Fascinating how european finance, insurance and commodities trade were transformed through the slave trade. The marshalling of so much information is confusing, yet one senses that this book will be around for some time.
Sugar, says Hugh Thomas, created the slave trade. Gold is pretty, but sugar was the real driving force.

Rating: 4 stars
Summary: Well-written, detailed book on the slave trade
Review: Thomas has written a detailed, comprehensive portrait of the slave trade. He emphasizes the perspective of the slave traders, rather than the slaves. He stresses the earlier, European roots, over the earlier Muslim traders, although he does not ignore the Arab and Moorish traders. He seems to focus a little more on the European than the American traders, but there is plenty of coverage of the latter.

One of the strengths and weaknesses of the book is its voice, which is clinically detached from the material. I would expect this informative, but cool voice in a study of cotton trading. At times, Thomas' distance disarms the reader, but more often it facilitates the reader's access to this centuries-old, horrific business.

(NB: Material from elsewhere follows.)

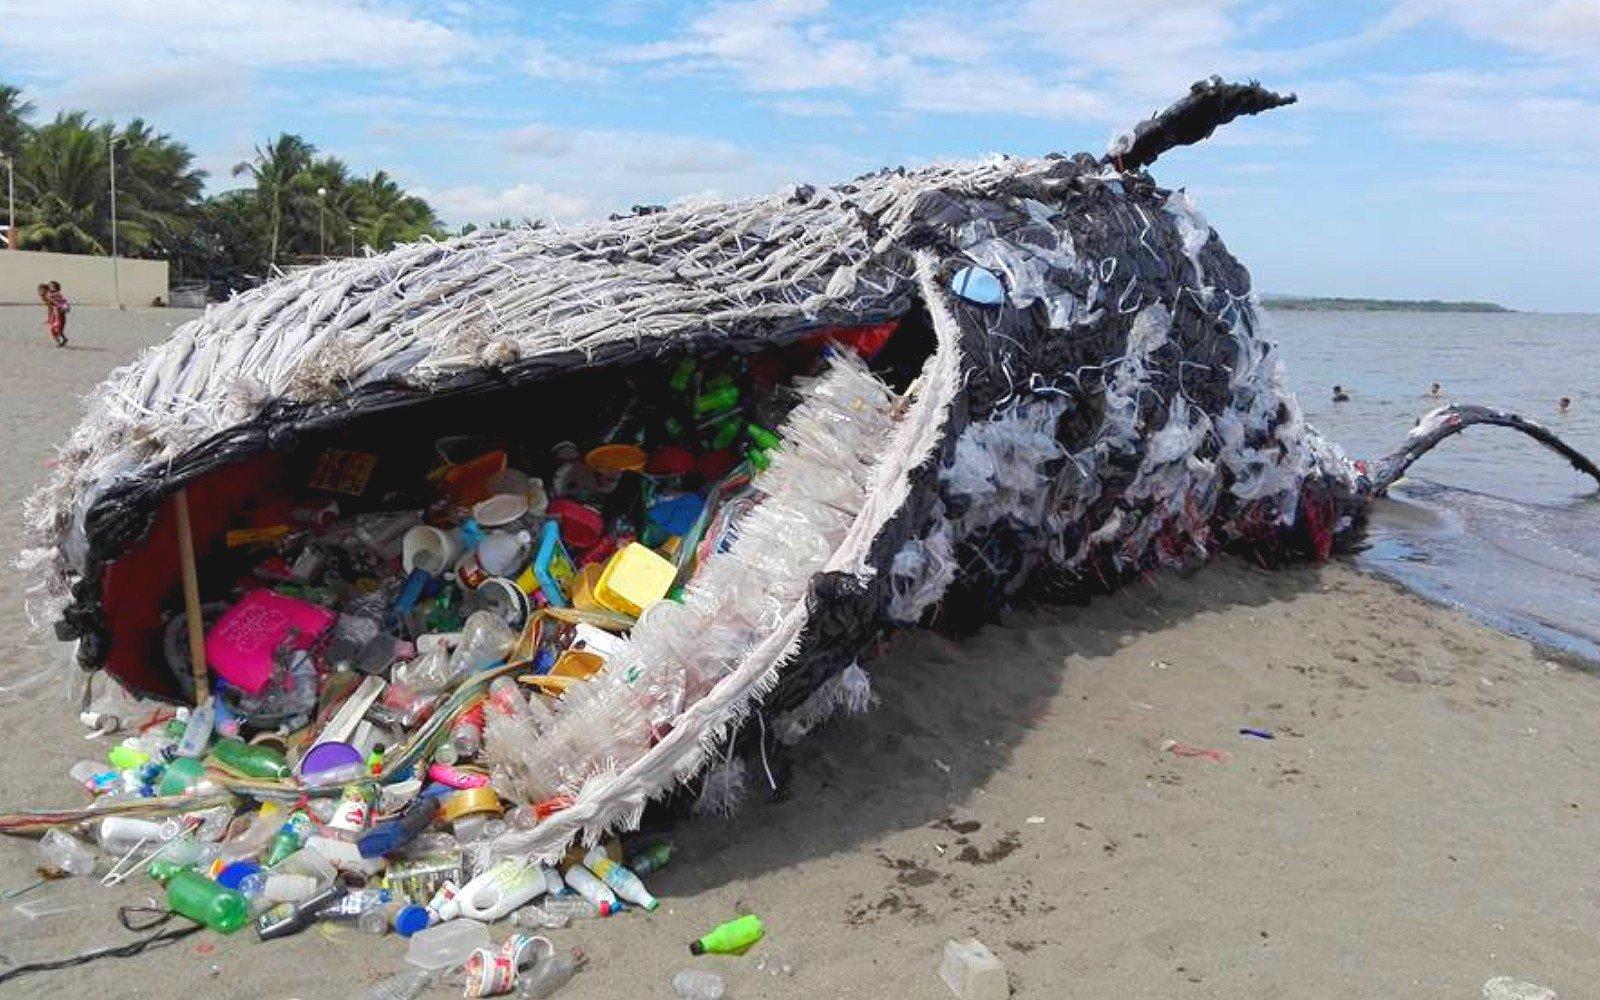 La balena morta con 40 chili di plastica nello stomaco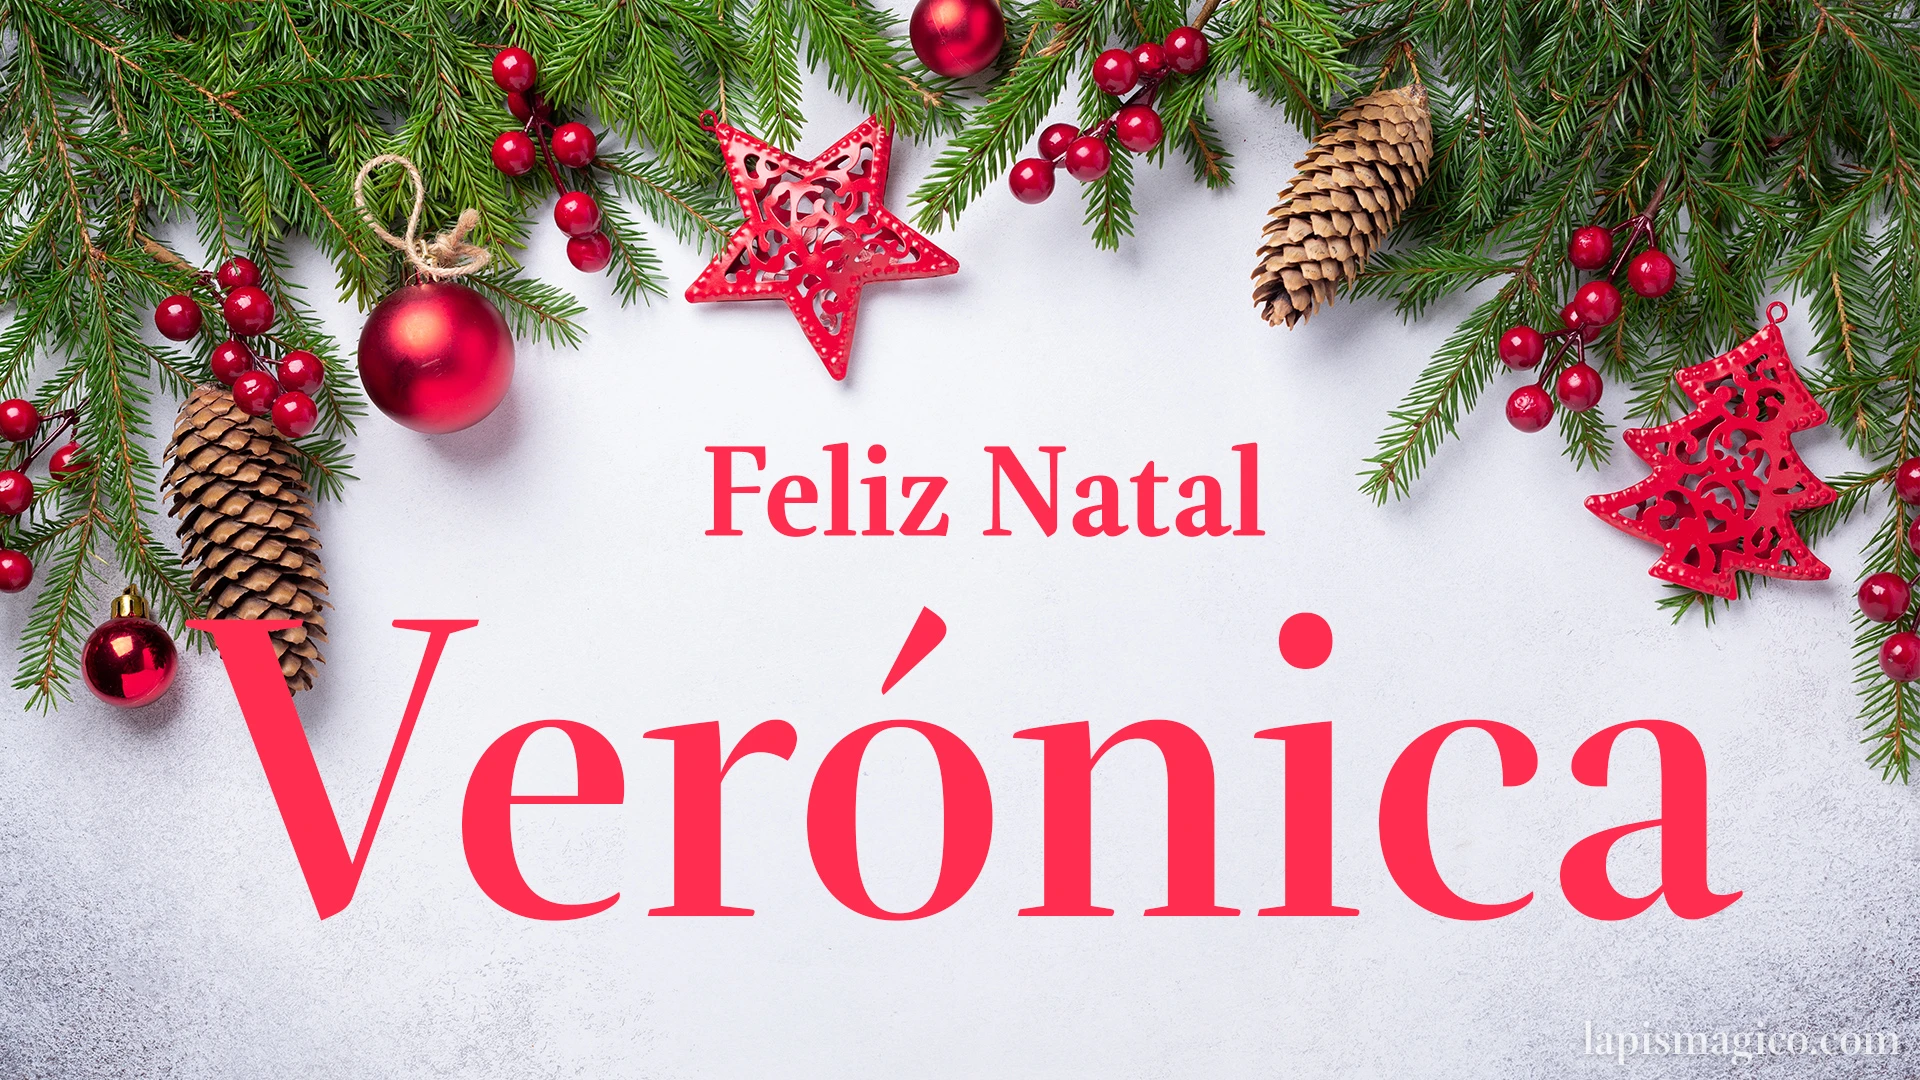 Oh Verónica, cinco postais de Feliz Natal Postal com o teu nome

Thomas indirectly addresses the question why England so quickly converted its national policy on slave trading. He portrays several individuals who worked long, hard, and seemingly against the odds for the abolition of slave trading, if not slavery itself, but I still wonder how this policy seems to have gained such widespread acceptance among those naval officers on whom fell the duty of enforcement. I would have appreciated more insights into their feelings about slave trading and naval interdiction.

The length of the book probably did not permit the enlargement of its scope, but the reader seeking the slave's point of view may not be satisfied. Largely drawing from The Life of Olaudah Equiano, Thomas explains that there was little literature on which he could rely for this perspective.

The book is well written and seems well researched. I most appreciated Thomas' quanitification of the enormity of the slave trade without overwhelming me with statistics. I wouldn't call it a page-turner, but I had trouble putting it down.